→ **Task brief**
Copy out the data word for word, without any of its pictures.

→ **Material provided**
= Beginning of Section =
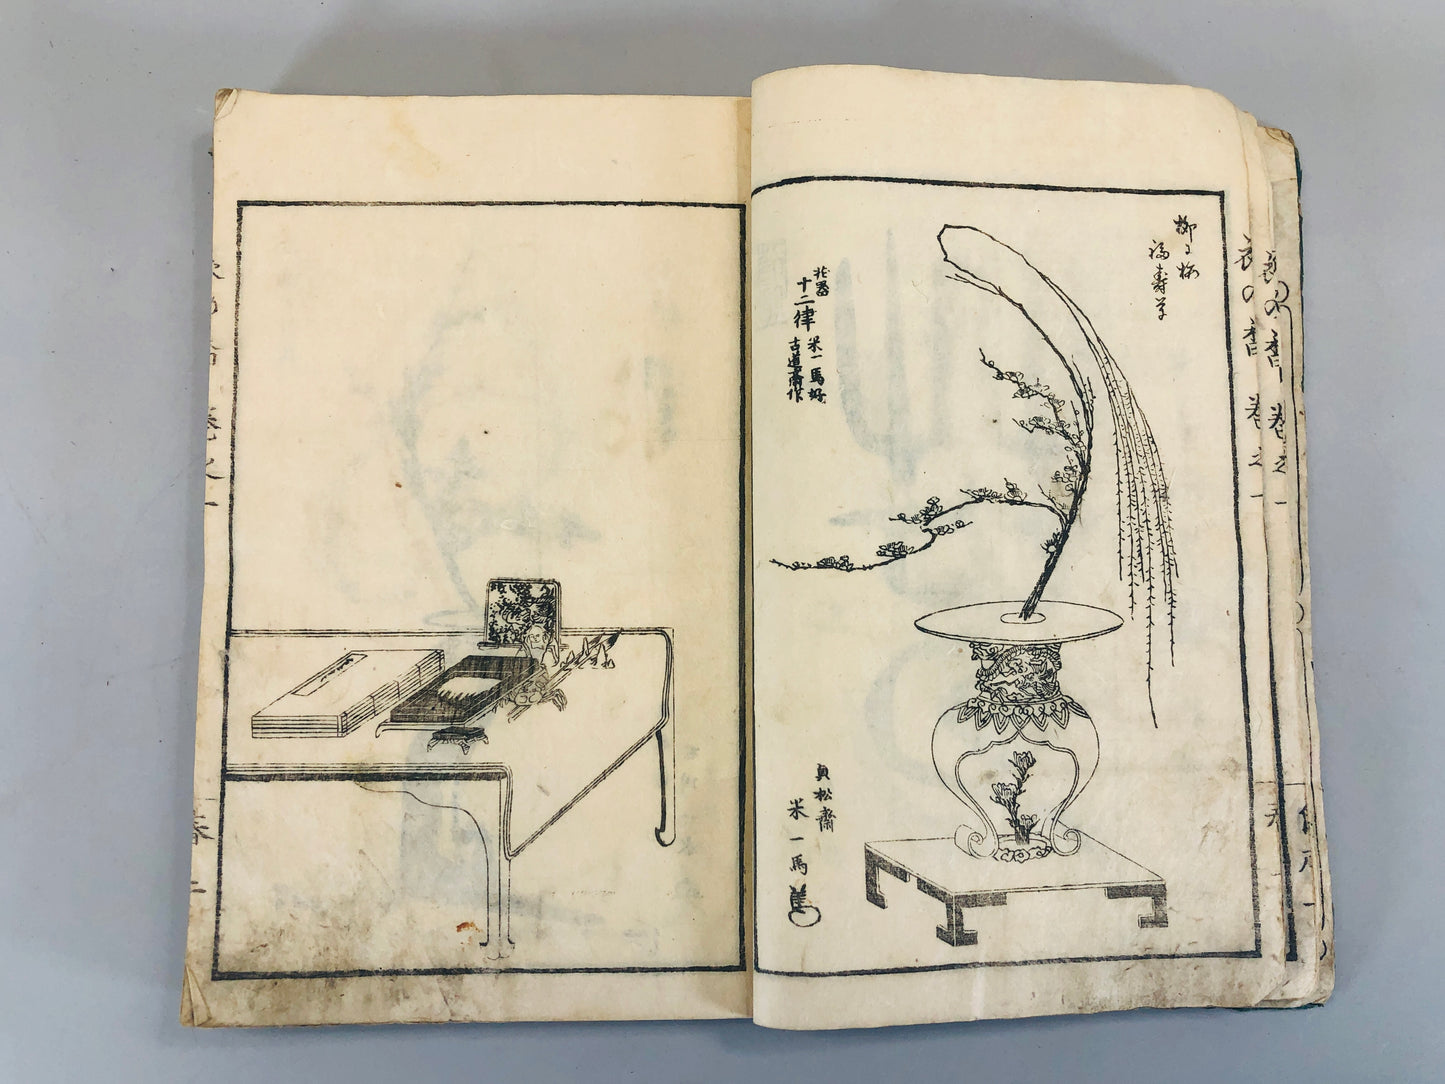 Y5459 WOODBLOCK PRINT Japanese style book textbook Japan Ukiyoe vintage antique
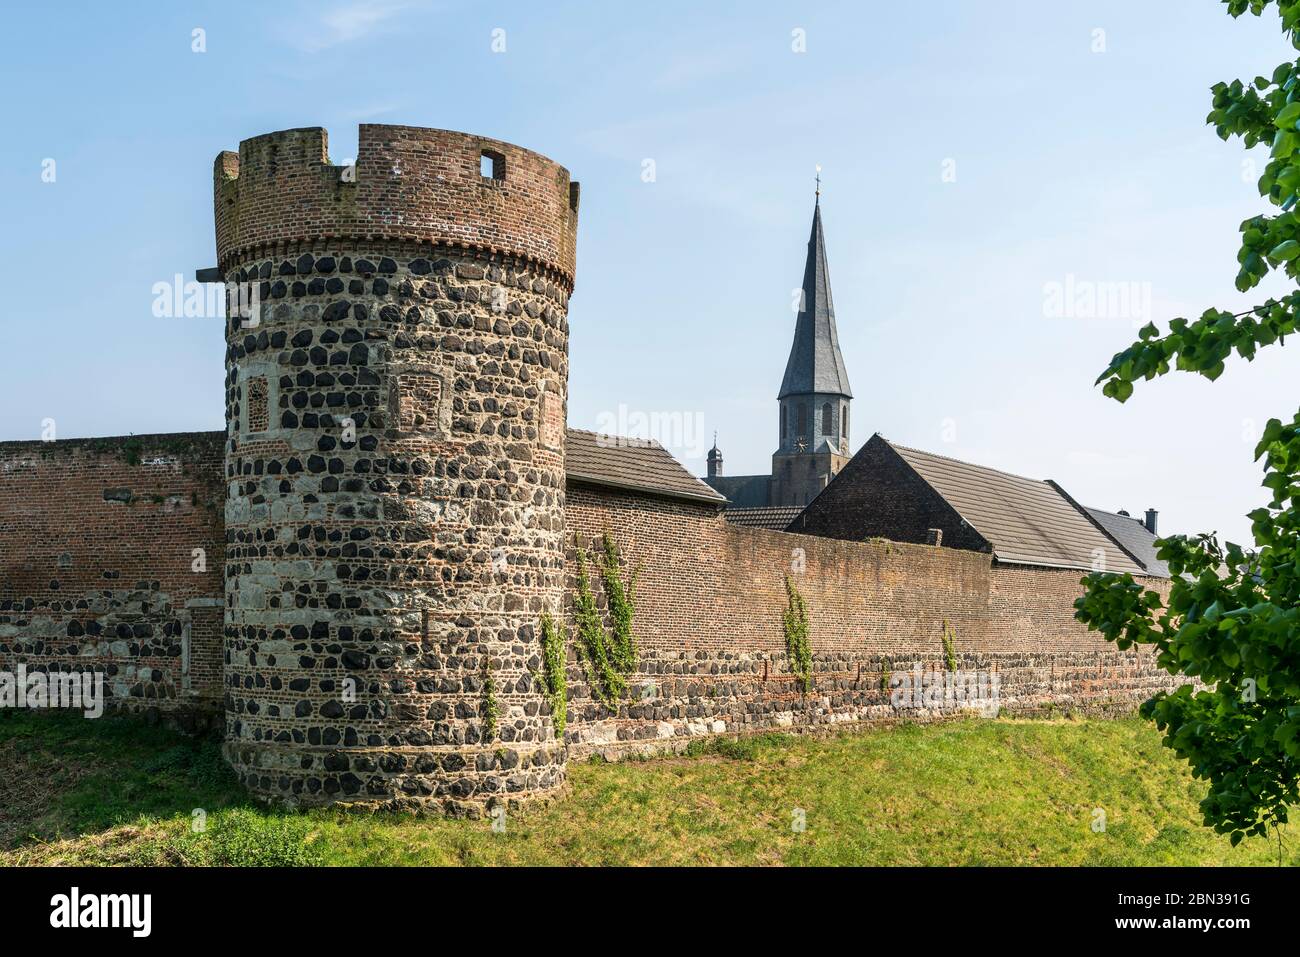 Stadtmauer, Krötschenturm und Pfarrkirche St. Martinus in der Stadt Zons, Dormagen, Niederrhein,  Nordrhein-Westfalen, Deutschland, Europa |  City wal Stock Photo
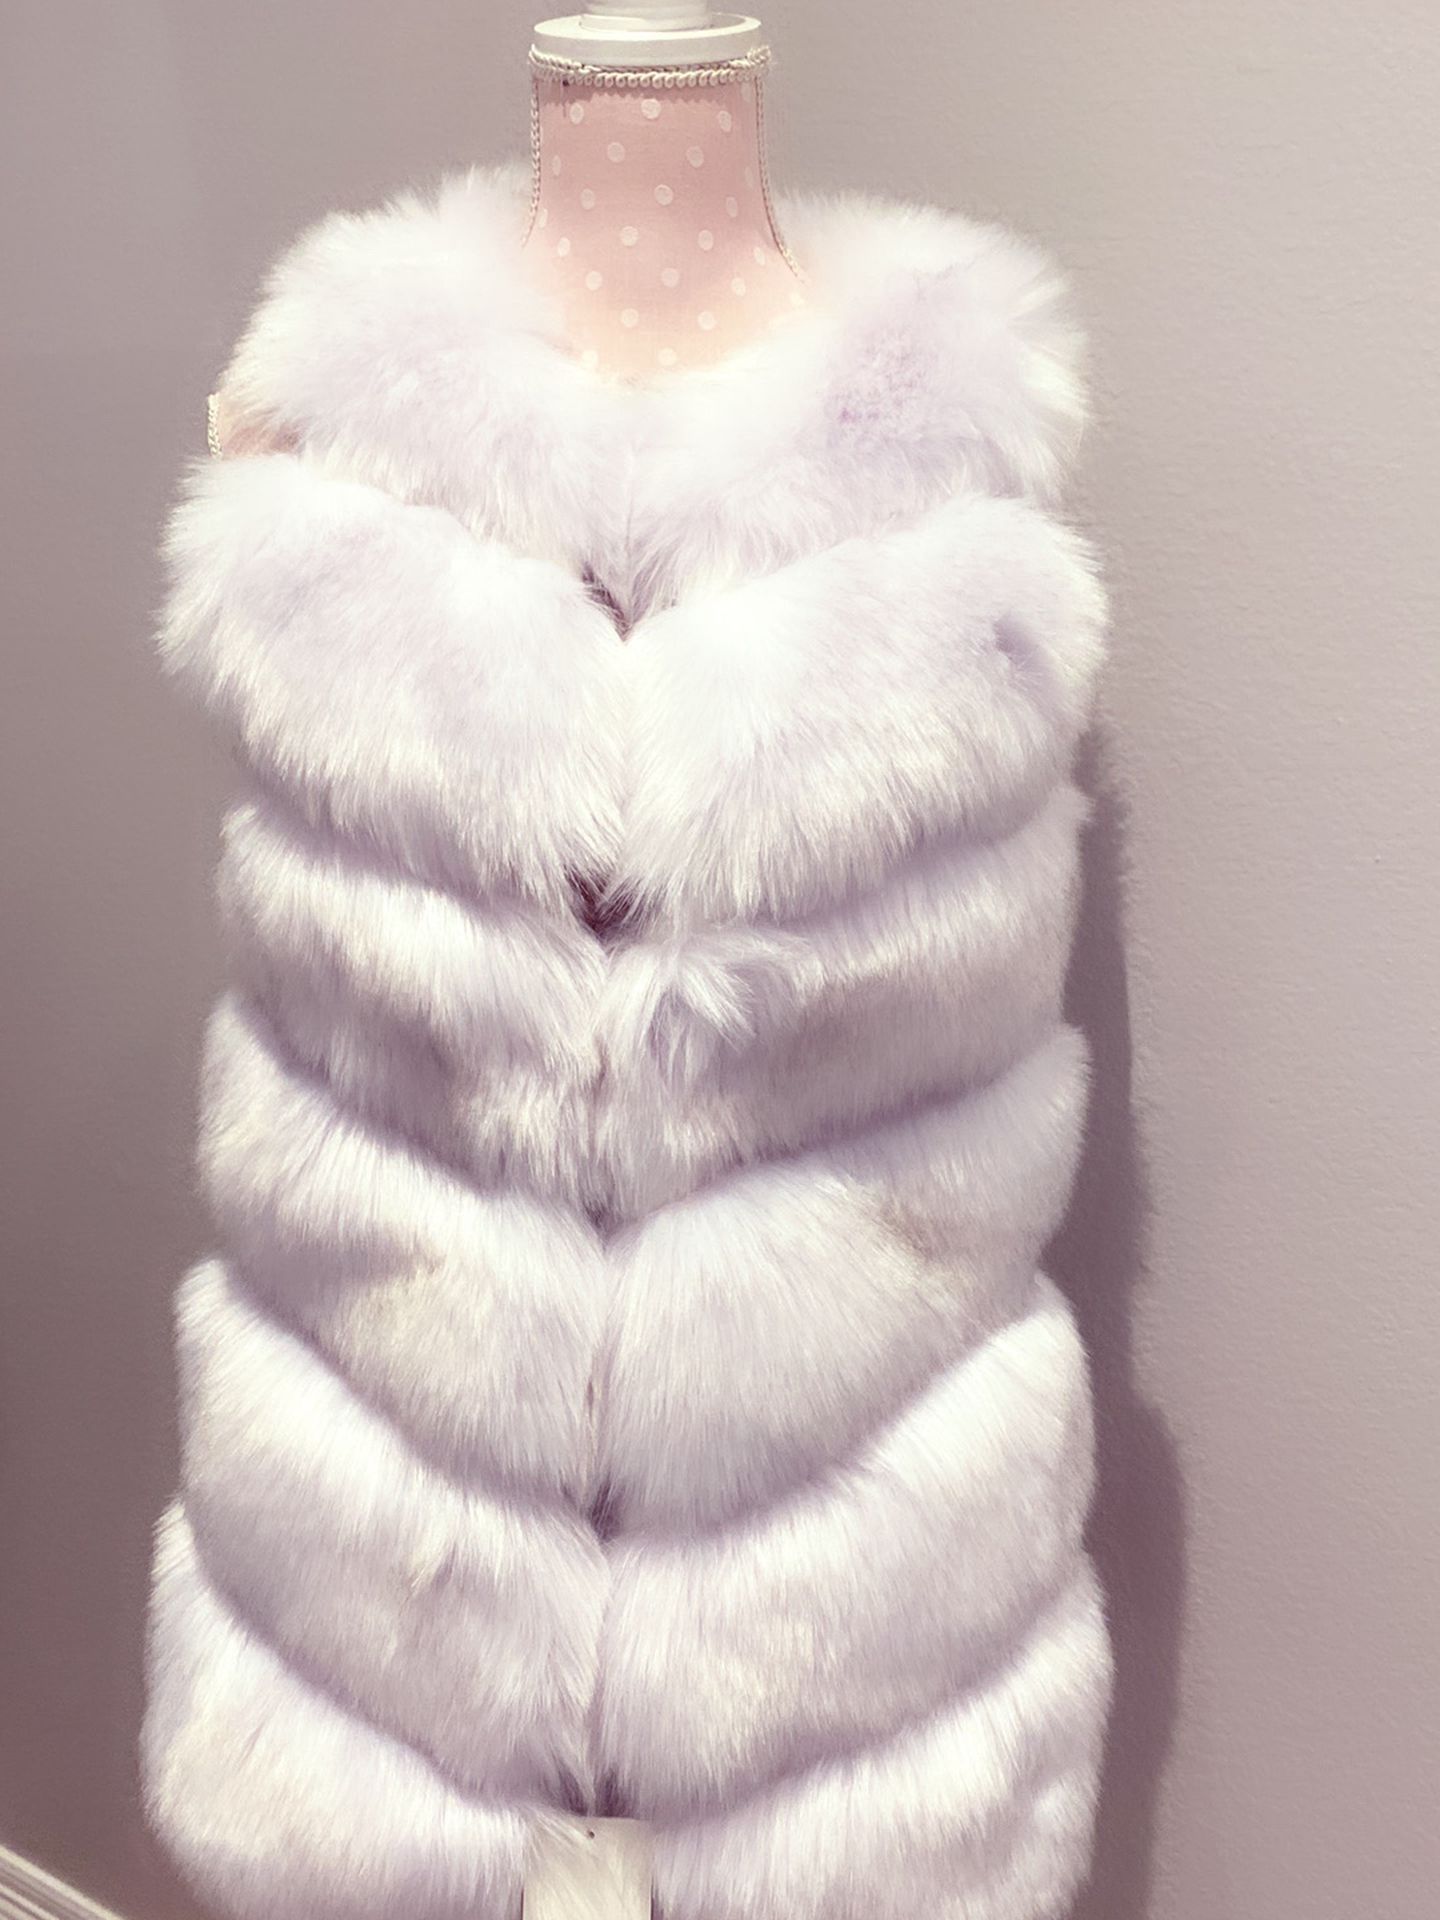 High Quality Faux Fur White Vest Coat Brand New Size Medium Fashion Stylish Luxury
= End of Section =
→ **Task answer**
 Y5459 WOODBLOCK PRINT Japanese style book textbook Japan Ukiyoe vintage antique
 Stadtmauer, Krötschenturm und Pfarrkirche St. Martinus in der Stadt Zons, Dormagen, Niederrhein,  Nordrhein-Westfalen, Deutschland, Europa |  City wal Stock Photo
 High Quality Faux Fur White Vest Coat Brand New Size Medium Fashion Stylish Luxury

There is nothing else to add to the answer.